Spam filter with a help of algorithms LMTA and RHTA
Algorithm LMTA (Legacy Mail Testing Algorithm) is the one of the known
successfuly algorithms of the non-content non-legimate messages (spam). Algorithm LMTA
must have on its entry the following: IP address of sender's host, senders's
email address from the message's convert, and maybe sender's host name from
the "helo" phase of the protocol SMTP. Using these values LMTA is given
an answer about legacy of sender, or speaking strongly, the algorithm gives a link
or the correlation between these values. Because we want the definite answer
- "yes" or "no" - then heuristic result is transformed in 1 or 0.
As any complex heuristic algorithm with the parametric tuning (for example,
content filter algorithms) LMTA has a "soft" and "hard" conditions to accept.
Clearly, that moving in different ways, it is possible to reject more spam,
increase the chances to reject a legal mail, and vice versa. By default the anti-spam
filter of package TPmail is used the "soft" mode of mail accepting. The algorithm
settings are removed from the package to avoid many problems. Exact tuning of algoithm is
required a good knowlegde and understaning of very complex things - protocol SMTP, work of
DNS servers and others. Therefore a common user or administrator is more easy
to work with the basic settings using LMTA as good-working "blackbox".

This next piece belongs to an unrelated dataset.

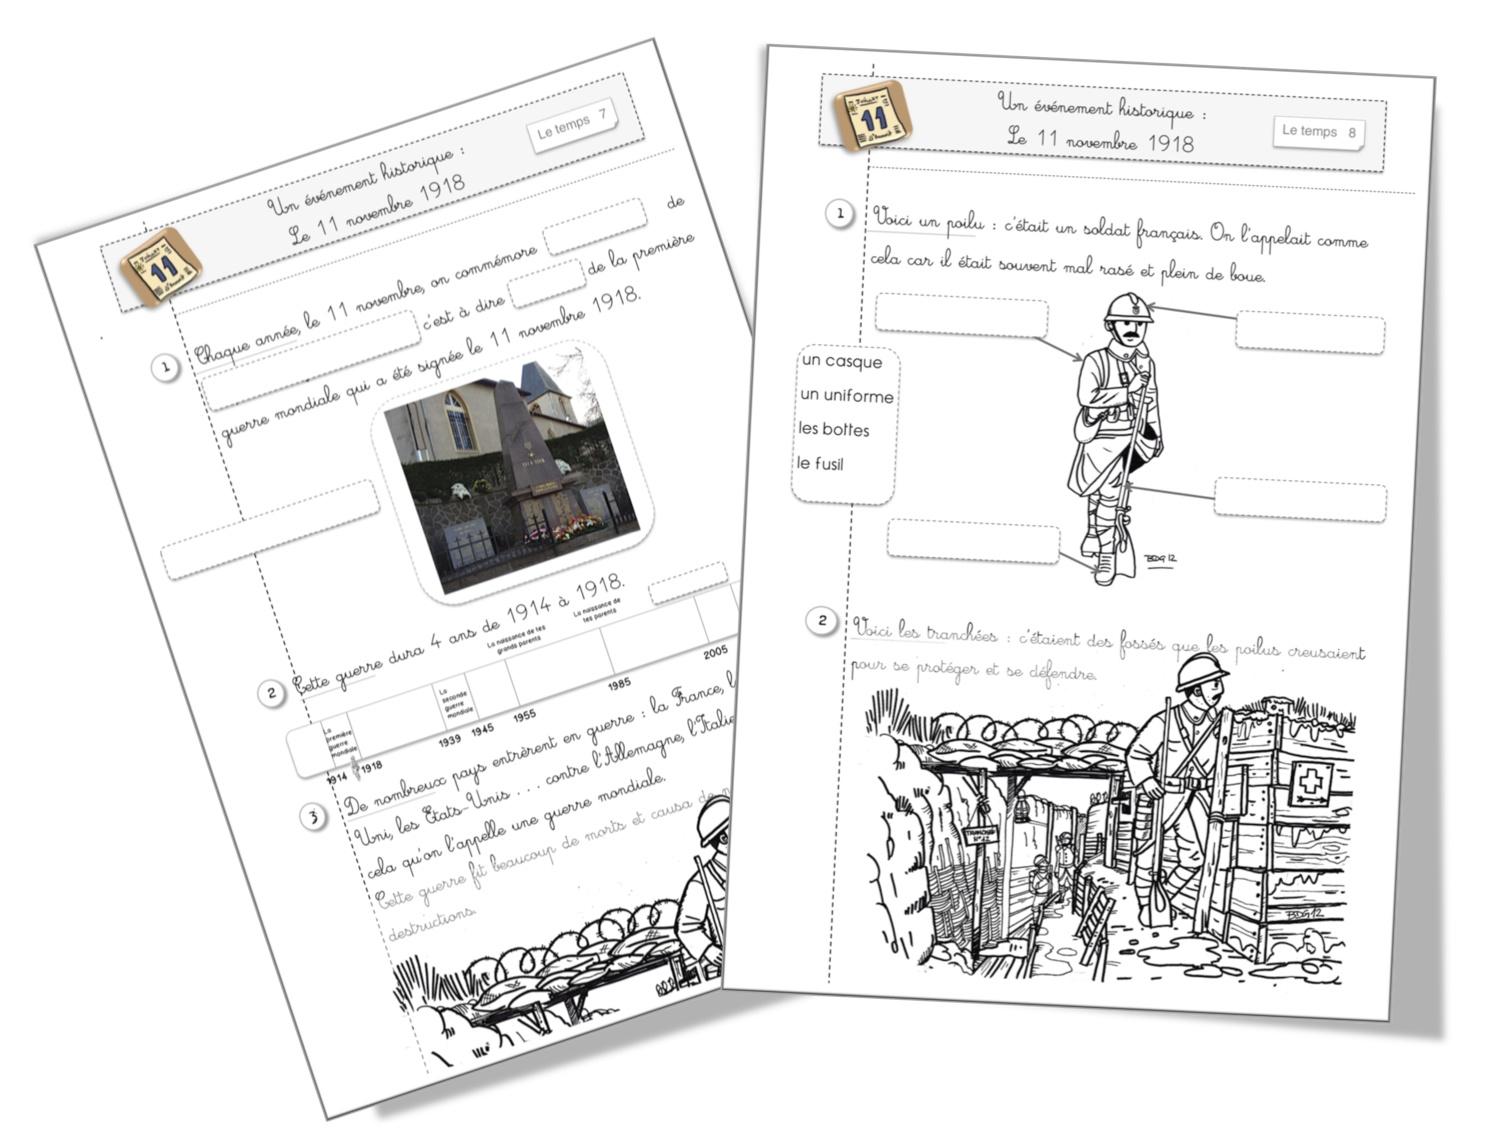 d couverte du monde le 11 novembre 1918 bout de gomme. Black Bedroom Furniture Sets. Home Design Ideas

With a default basic settings LMTA is successfully worked on the external
testings in the different organizations with a different volumes of mail traffic.
The best and strong feature of LMTA is possibility to reject a spam messsage
on the phase of email message's envelope without the servers of the various
black lists or like something.
Algorithm RHTA (Received Header Testing Algorithm) checks a service
fields of message to confirm RFC standards. This algorithm, of course, is
the content filter algorithm. Unfortrunately, the algorithm detects almost
all errors for the service fields of the mail message. It is right for the
spam mail or the legal mail messages. Usually, about 30 percents of all mail
will be rejected by this algorithm. Are we need this algorithm? This algorithm
can be forced the user to see some errors or strange things in the service part
of the message. For example, spam message don't often use some fields
because the spam databases have the e-mail addresses but they don't have
the right names of users. It can be helped the user that these messages just
can be ignored.
What is efficiency of non-content filter by using of LMTA? It is better
to use statistics from sma_stat and the user's interaction. And,of course,
every organization has the own rules for the e-mail. On the test runs the algorithm
gives the efficiency upto 98 percents. But a LMTA creator is enough sceptic
about these values and also about values 99,9999 percents from the various packages
of content filter. All these values are found on the definite selections and
cannot be used outside of these selections. Any generalizations are absolutely
Algorithm LMTA don't work on the legal spam delivery or the relaying from
the trusted user through other mail server (for example, @gmail.com through ISP
in South Africa). We have a classic statistical errors. But these limitations
are in the algorithm's nature. A such errors must be corrected by the static
or dynamic lists of accept, or maybe you must use the content filter.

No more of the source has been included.